YOUR GOAL: Return each line of the listing exactly, though without its images.

COLLECTED MATERIAL:

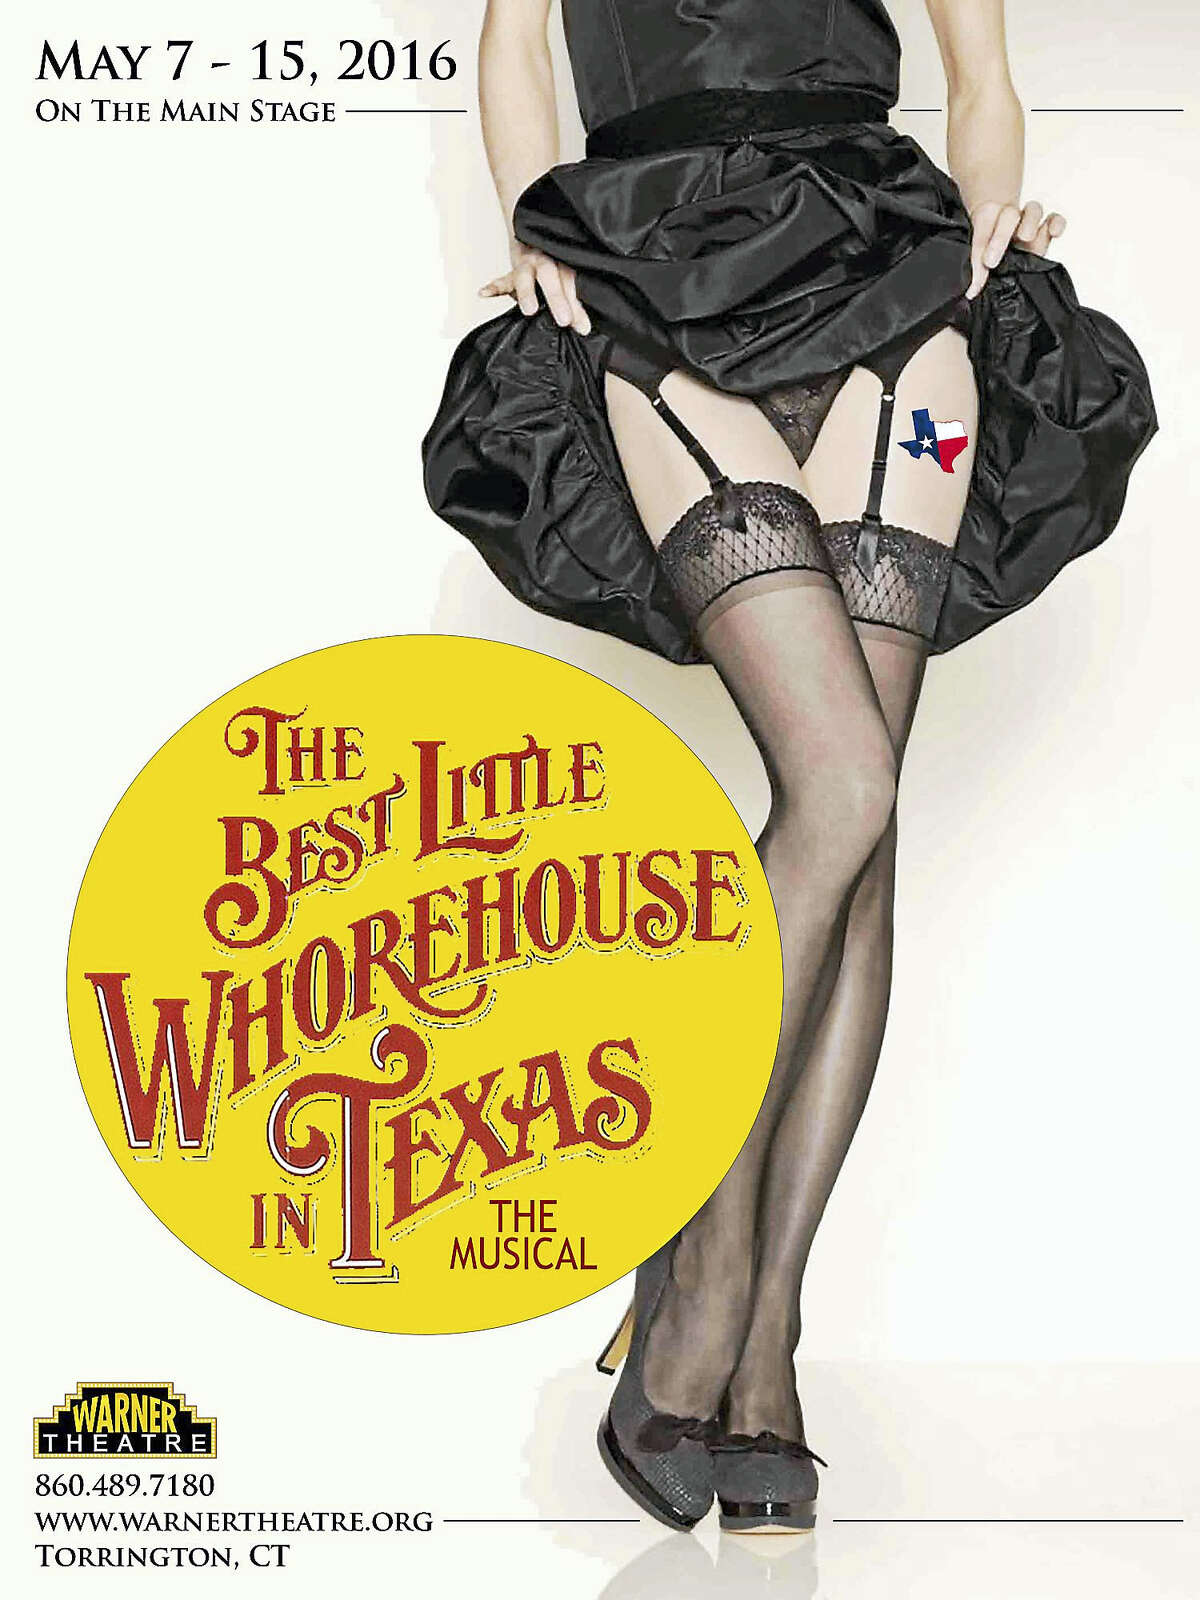 Contributed photoThe Warner Stage Company's production of "The Best Little Whorehouse in Texas" opens Saturday at the Warner Theatre in Torrington.
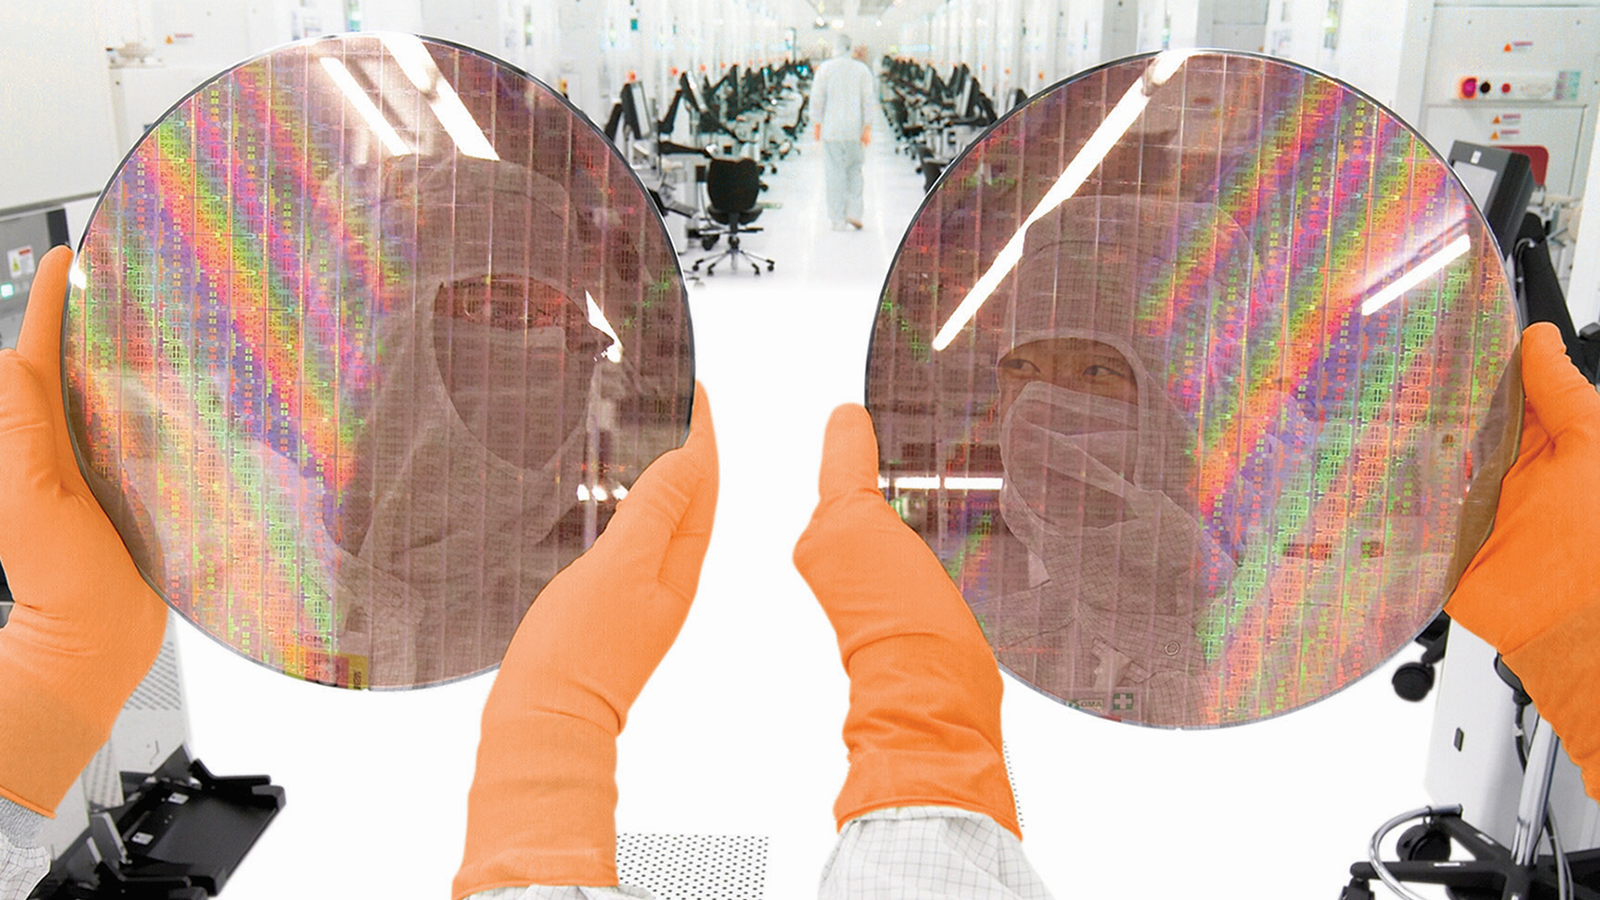 tsmc-and-samsung-foundry-becoming-dominant-makers-of-advanced-chips
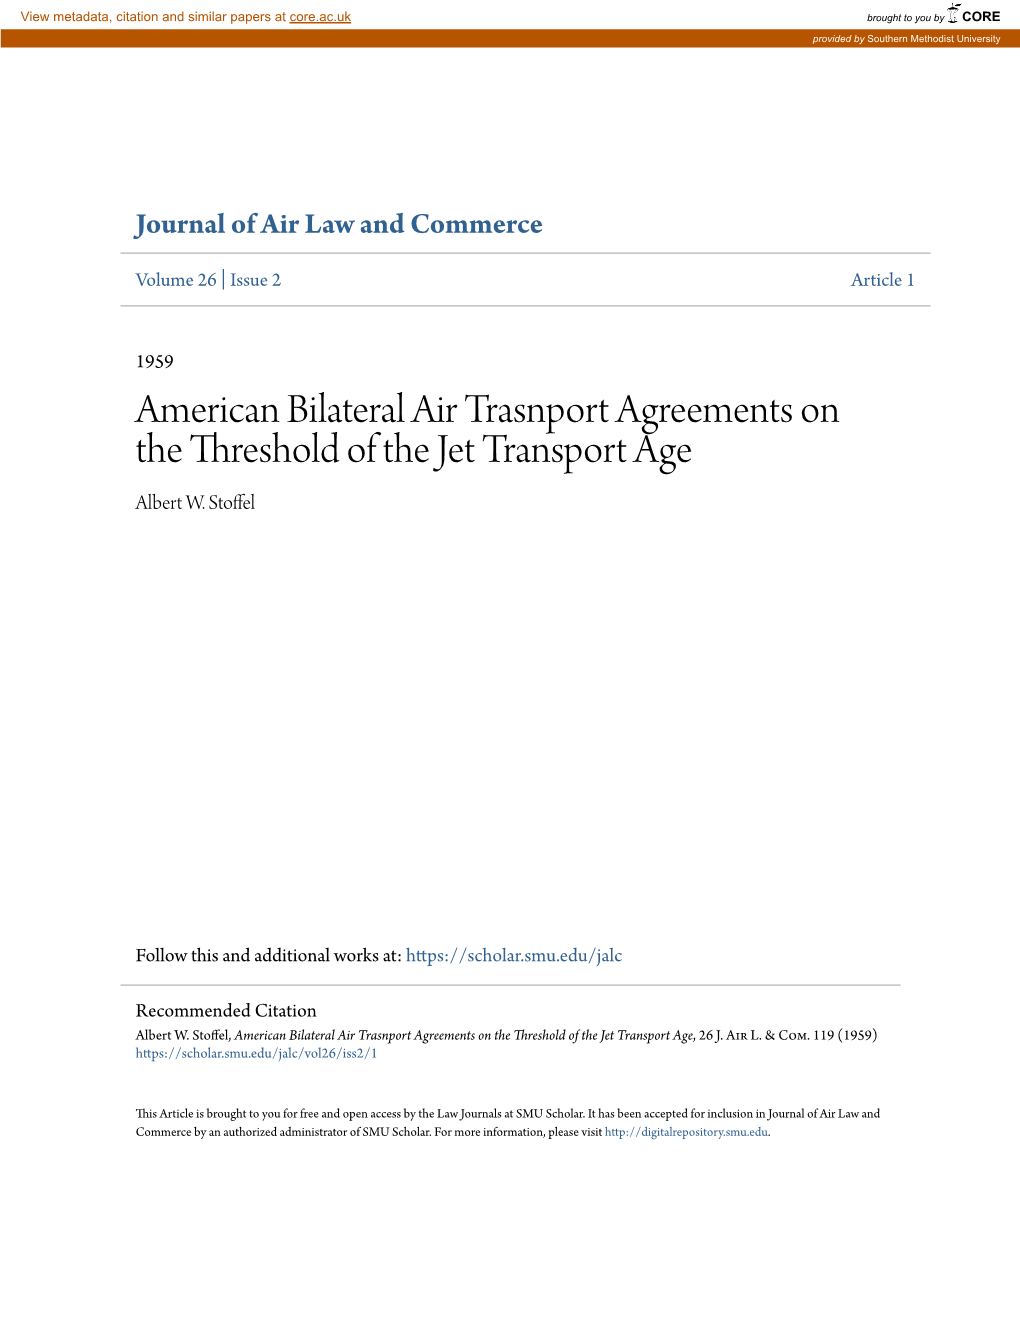 American Bilateral Air Trasnport Agreements on the Threshold of the Jet Transport Age Albert W

ANSWER:
 Contributed photoThe Warner Stage Company's production of "The Best Little Whorehouse in Texas" opens Saturday at the Warner Theatre in Torrington.
 tsmc-and-samsung-foundry-becoming-dominant-makers-of-advanced-chips
 American Bilateral Air Trasnport Agreements on the Threshold of the Jet Transport Age Albert W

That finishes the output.